§ **Provided data**:
☆ ☆ ☆

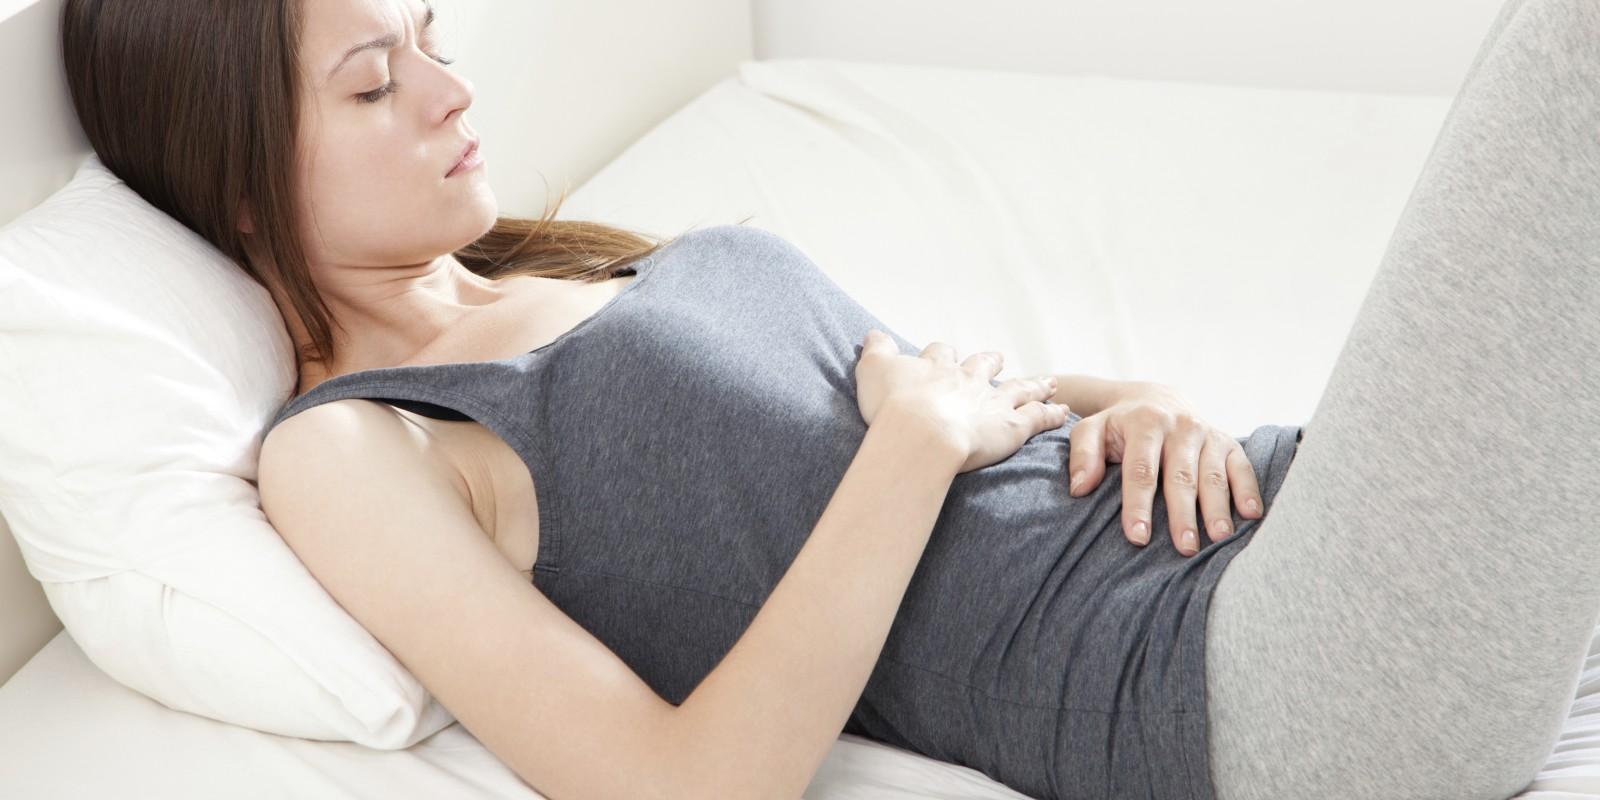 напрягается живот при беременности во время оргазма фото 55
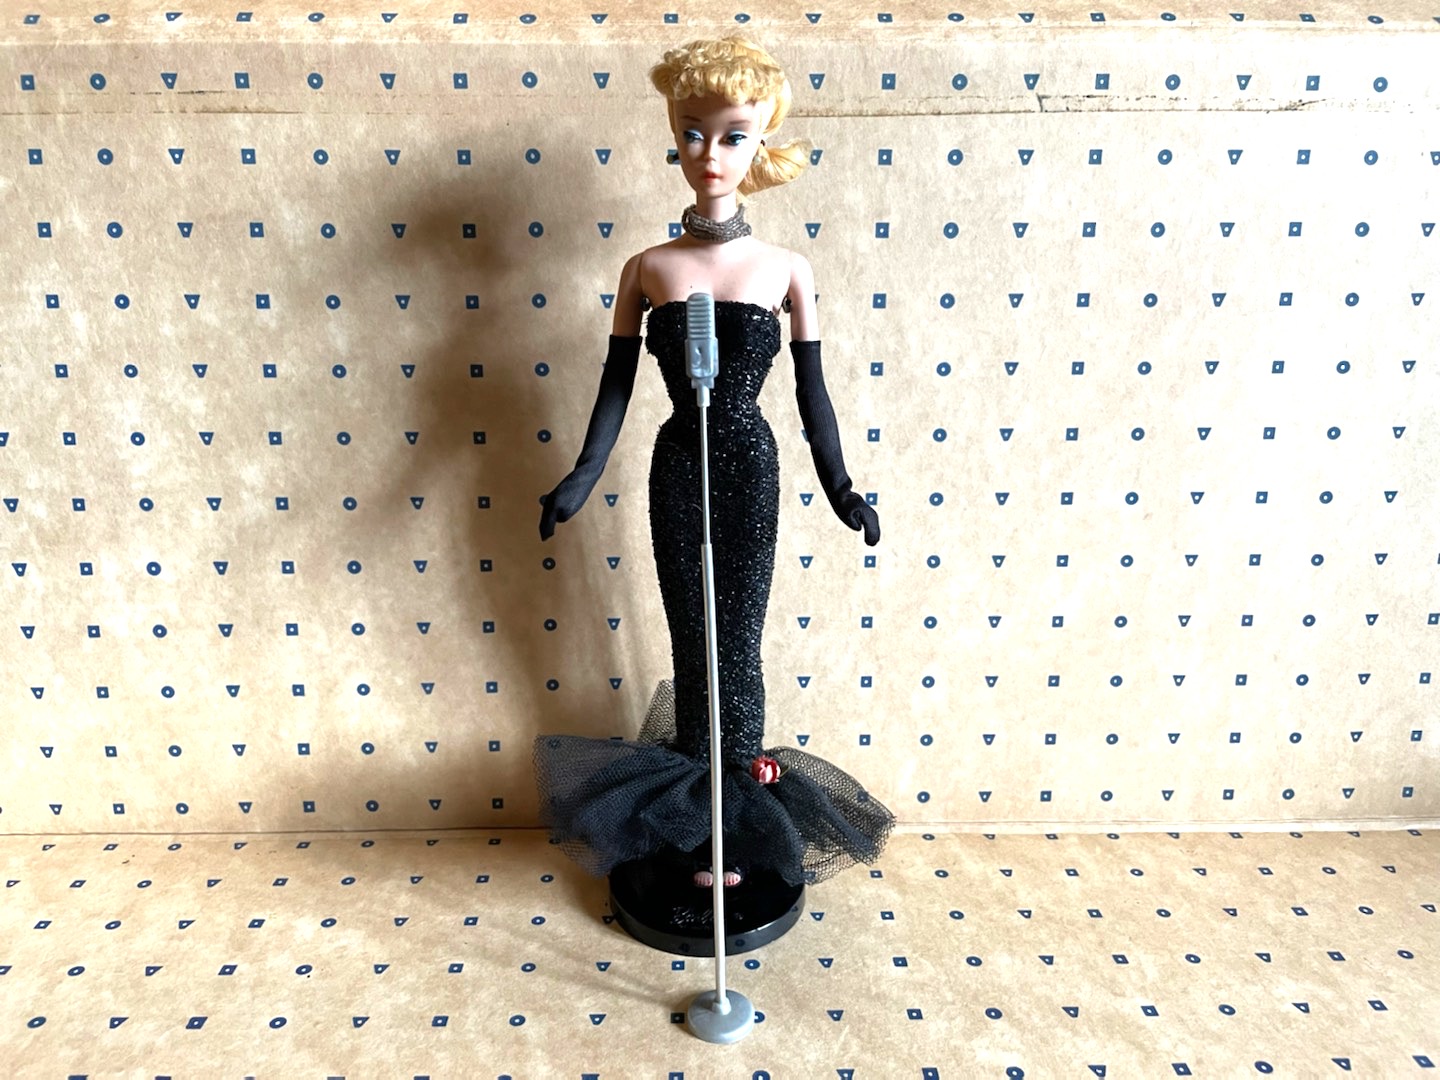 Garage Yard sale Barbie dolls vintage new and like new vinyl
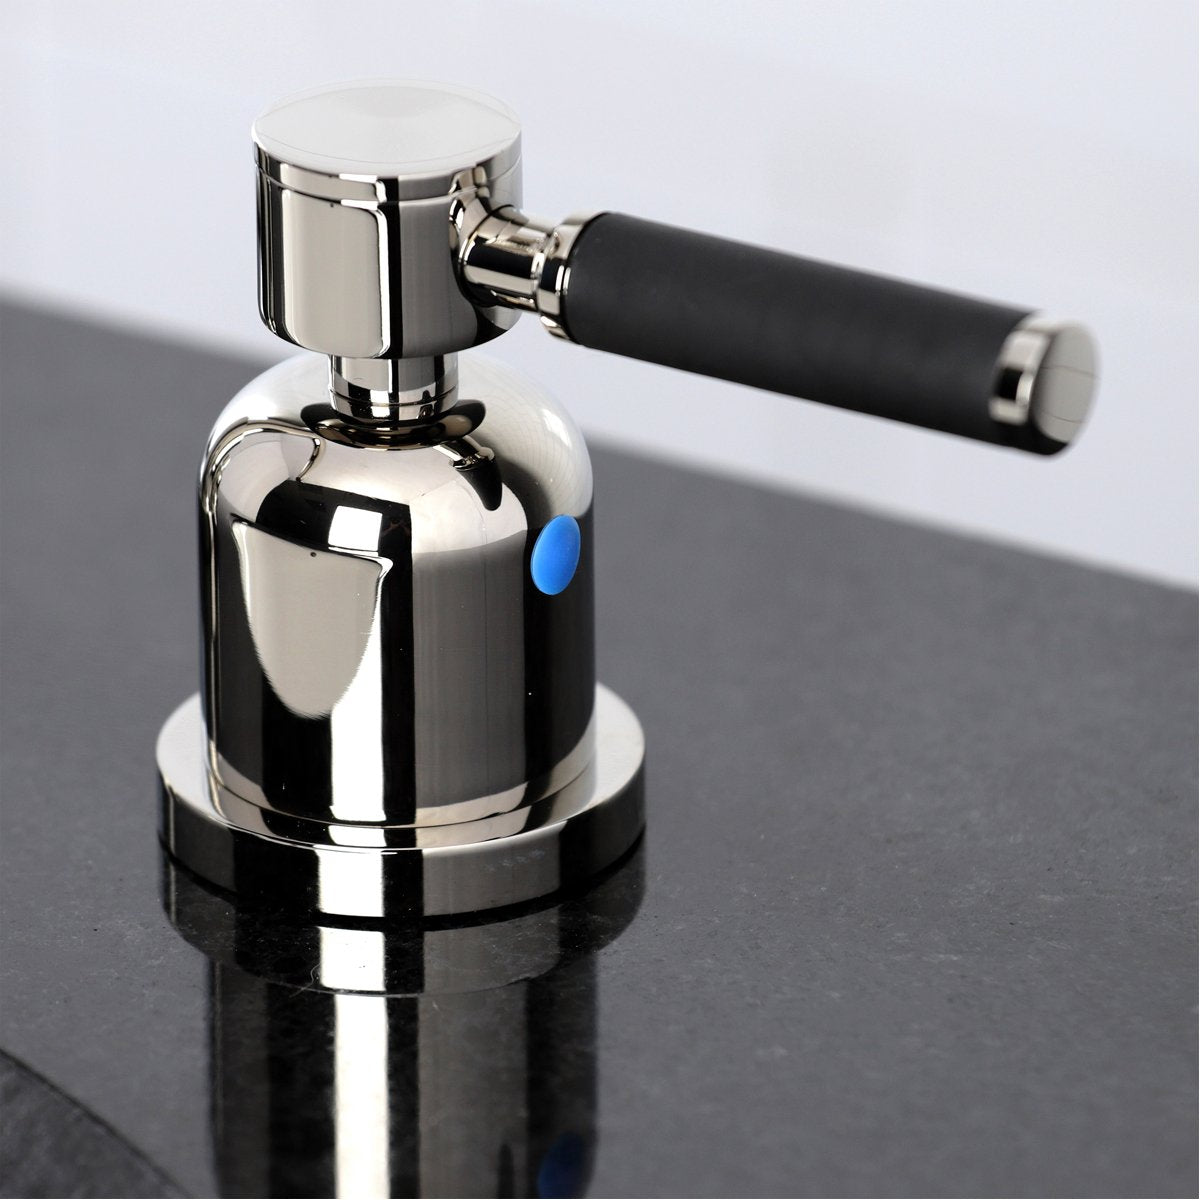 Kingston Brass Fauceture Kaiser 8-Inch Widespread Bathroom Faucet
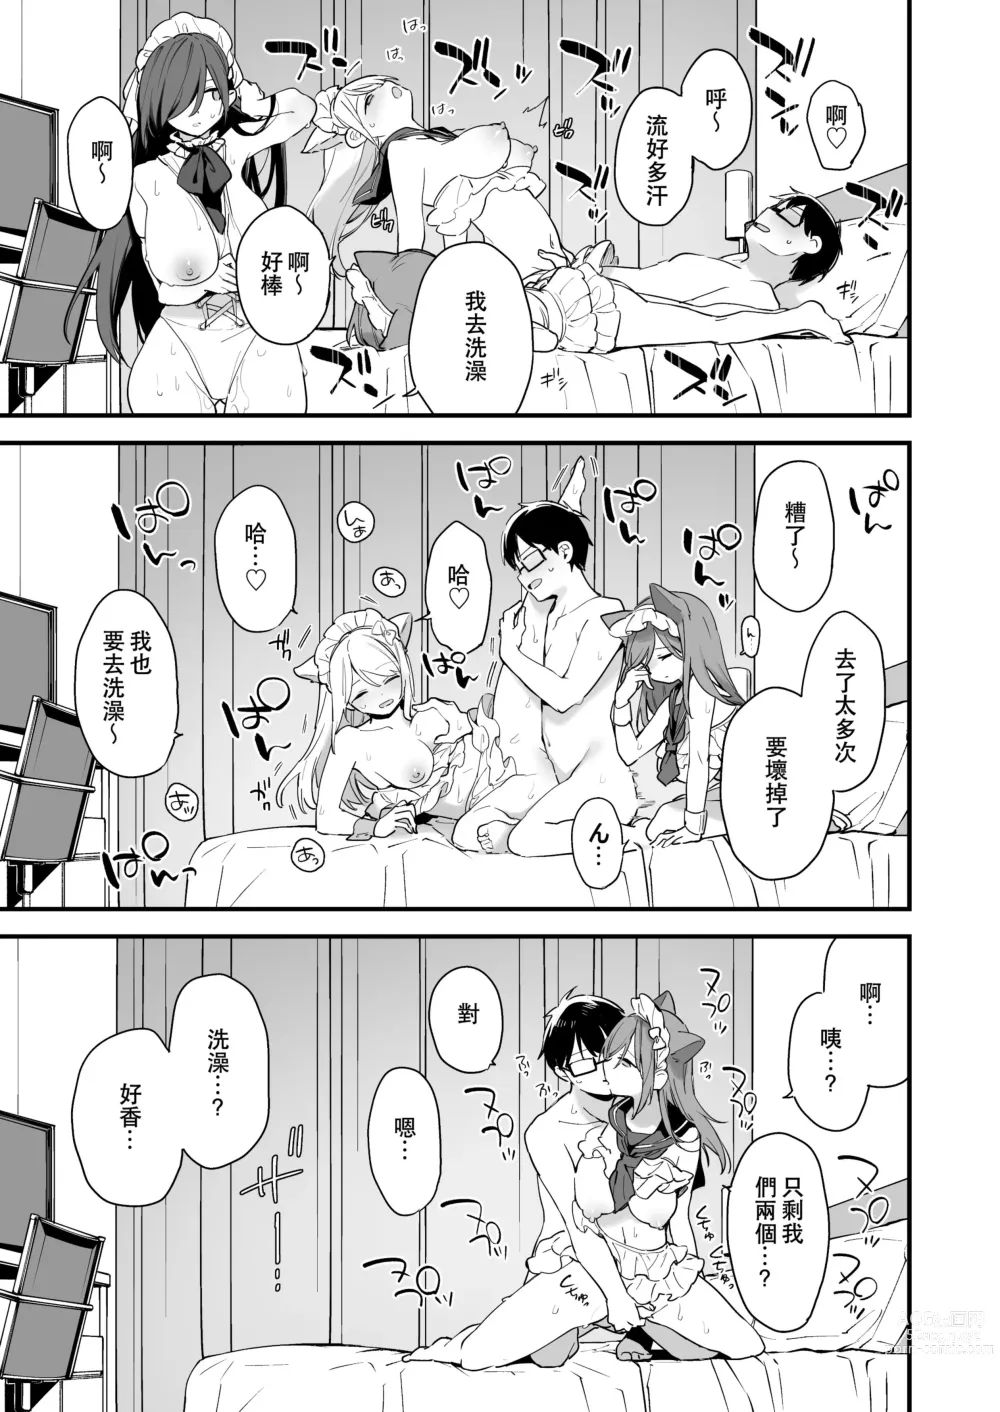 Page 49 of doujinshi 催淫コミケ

☆ ☆ ☆

§ **What to do**:
Make an exact copy of the listing above, omitting the pictures.

§ **Written reply**:
 напрягается живот при беременности во время оргазма фото 55
 Garage Yard sale Barbie dolls vintage new and like new vinyl
 Kingston Brass Fauceture Kaiser 8-Inch Widespread Bathroom Faucet
 Page 49 of doujinshi 催淫コミケ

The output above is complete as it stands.